REQUIREMENT – Give the listing again exactly, omitting its images.

RAW DATA –
-- Opening Marker --
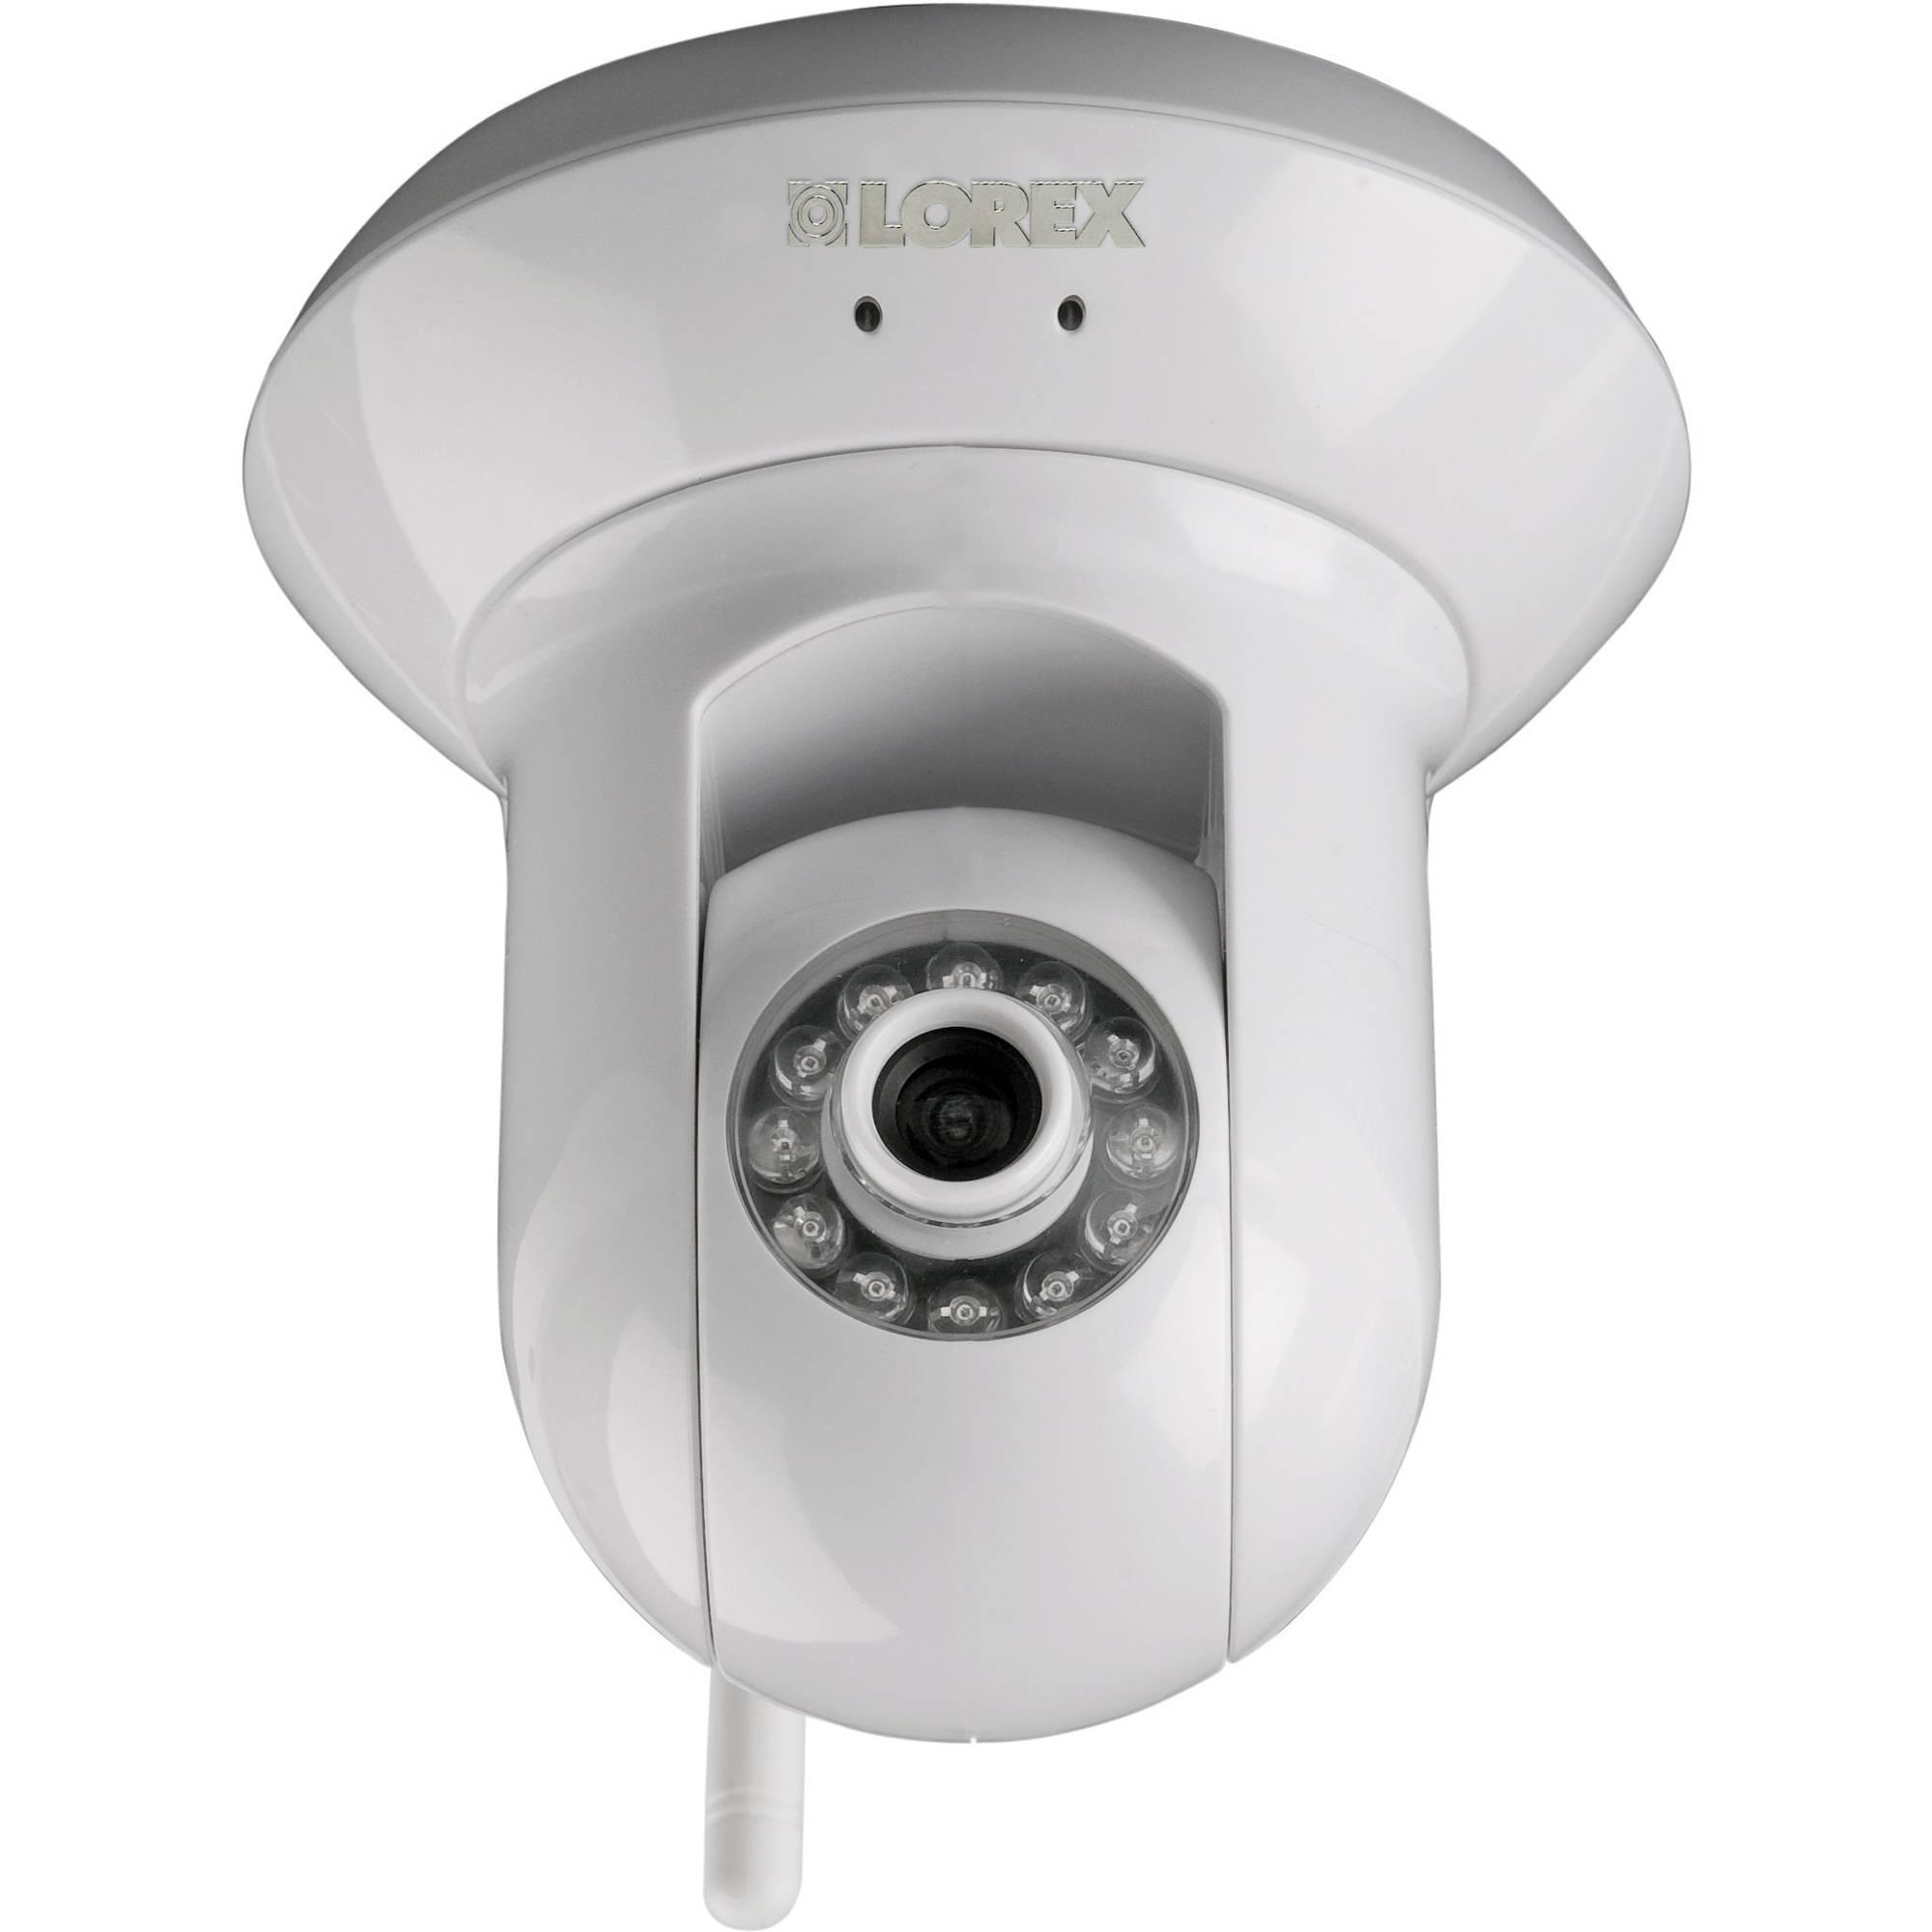 Lorex Remote Surveillance Camera
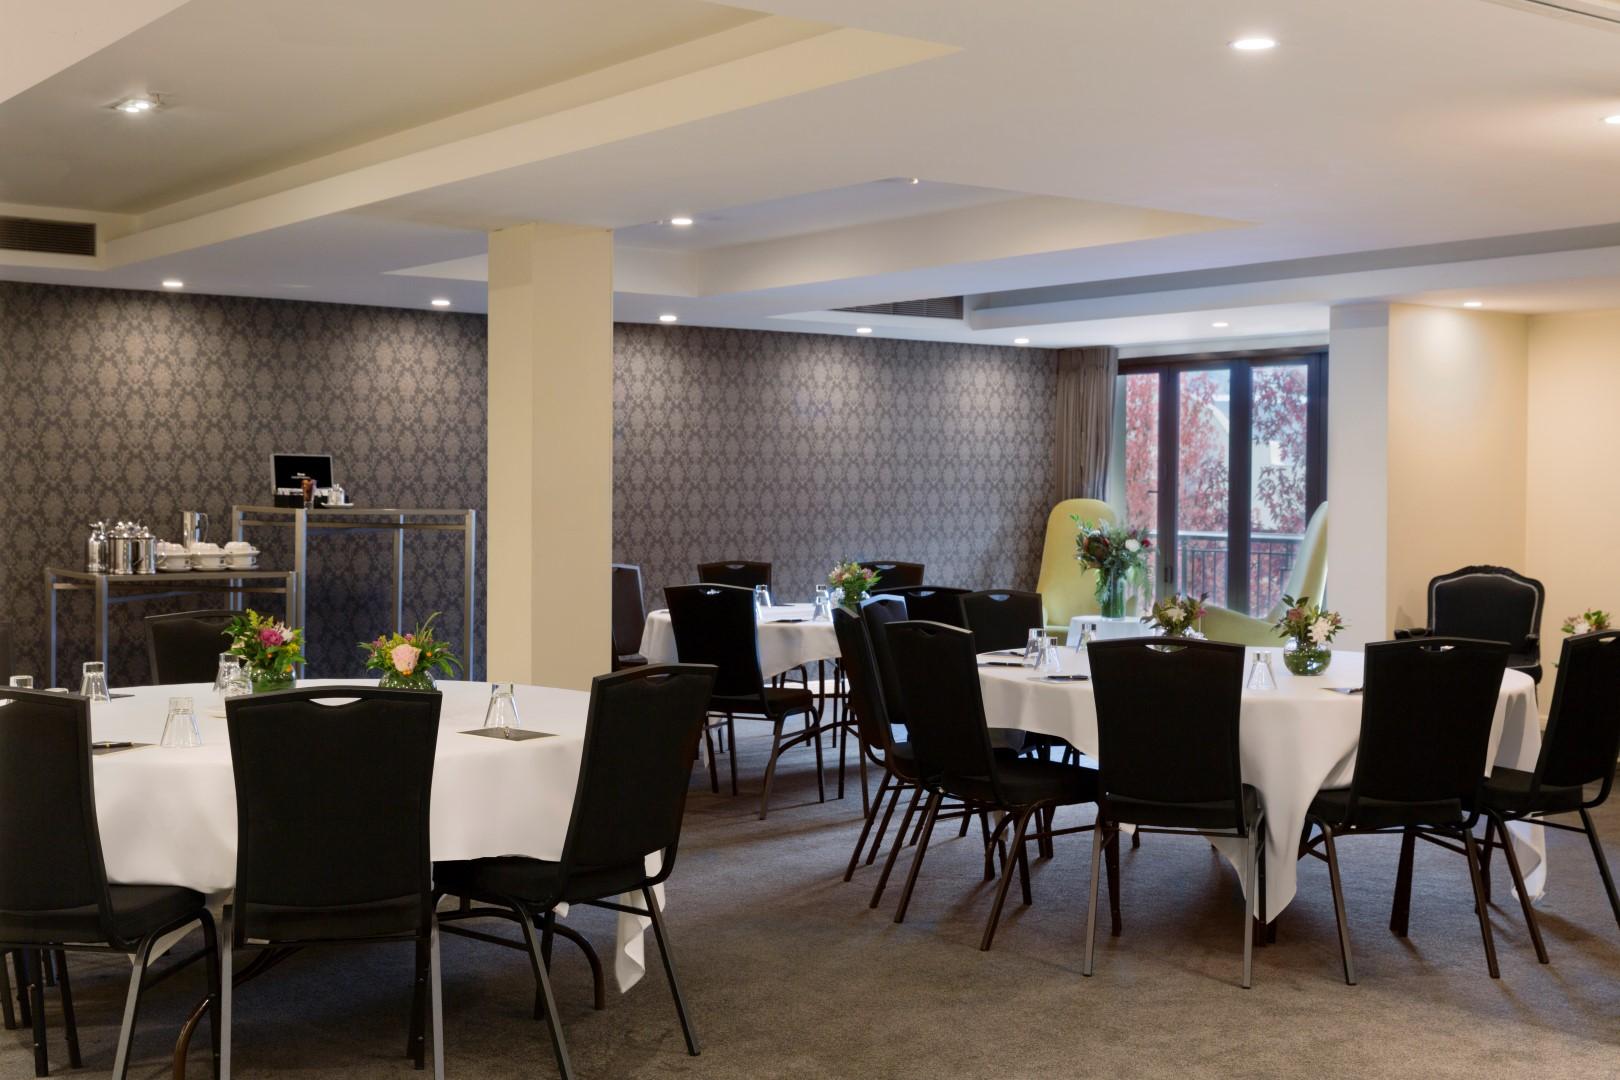 The-Ambassador-Room-Banquet-4MB-Large.jpg
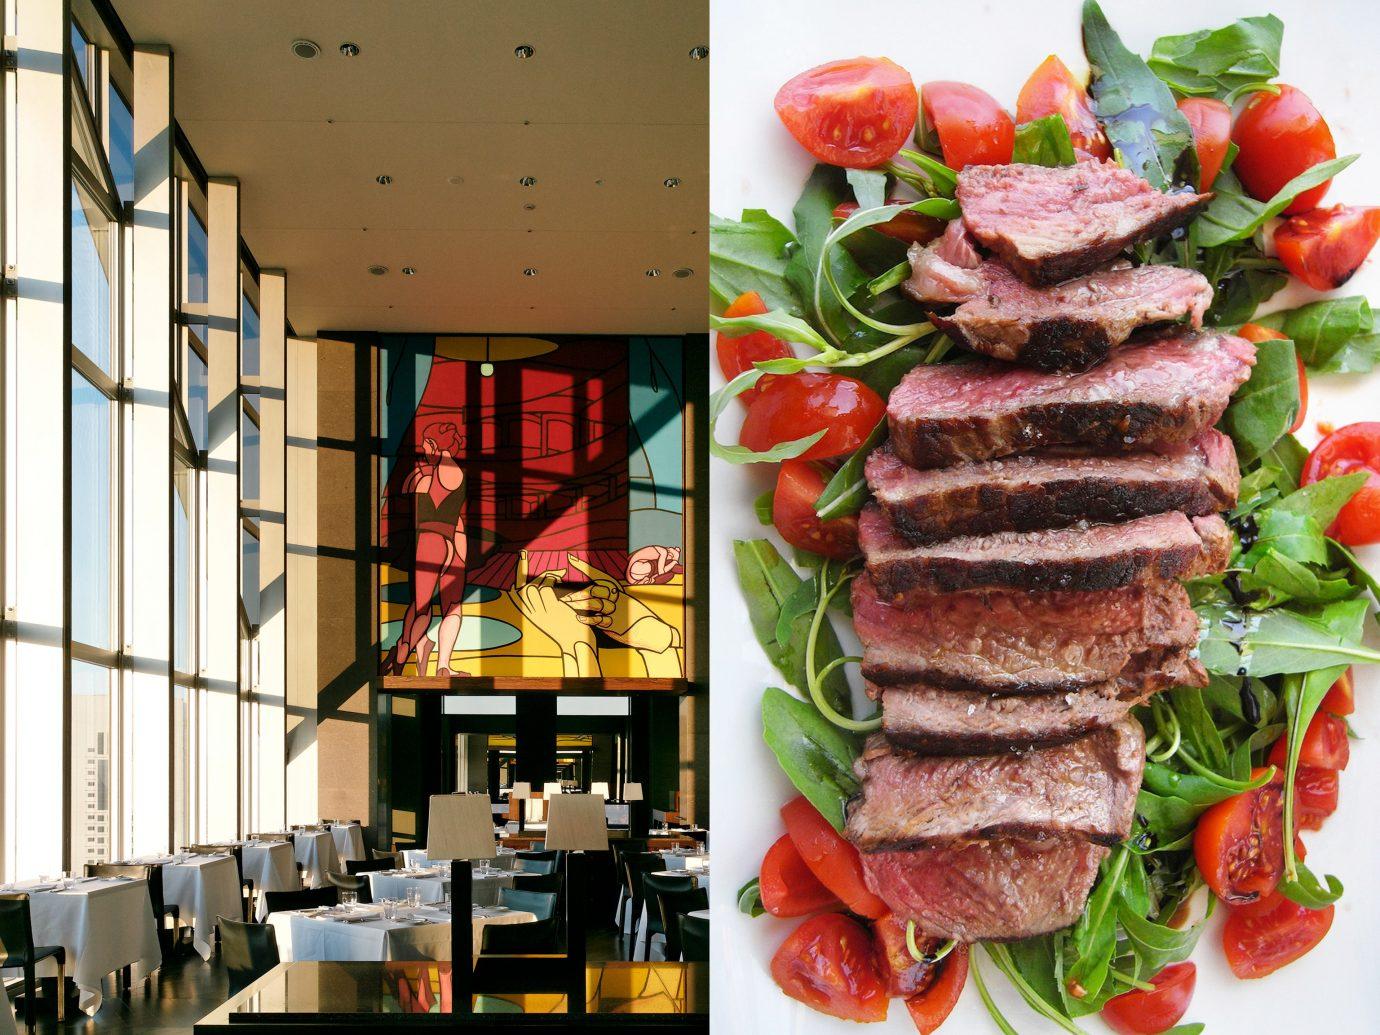 Jetsetter Guides indoor dish food meal meat restaurant brunch lunch cuisine fresh
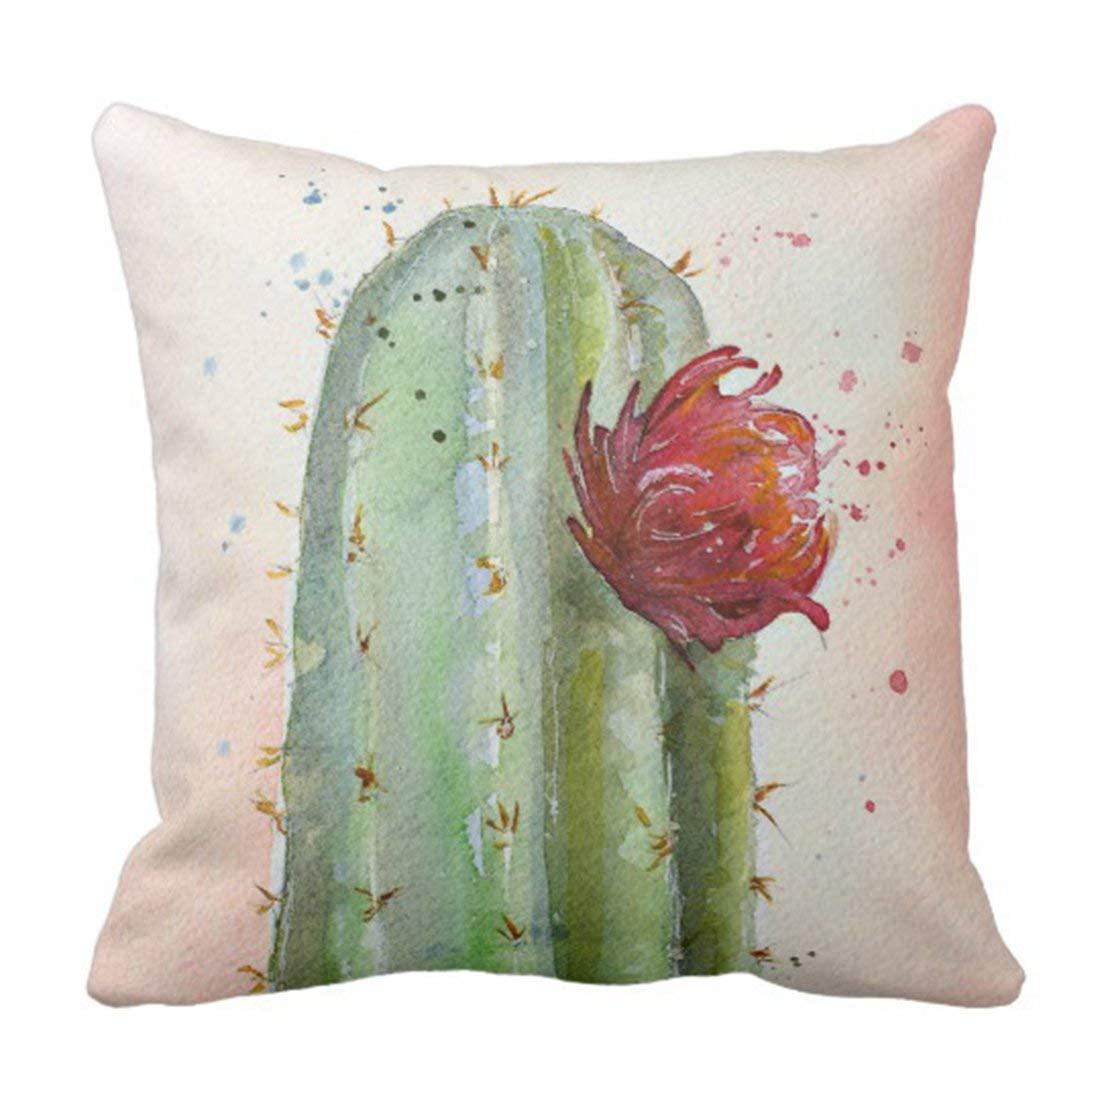 WOPOP Flower Coral Watercolor Flowering Green Bohemian Pillowcase Cover 16x16 inch
-- Closing Marker --
ANSWER BELOW –
 Lorex Remote Surveillance Camera
 The-Ambassador-Room-Banquet-4MB-Large.jpg
 Jetsetter Guides indoor dish food meal meat restaurant brunch lunch cuisine fresh
 WOPOP Flower Coral Watercolor Flowering Green Bohemian Pillowcase Cover 16x16 inch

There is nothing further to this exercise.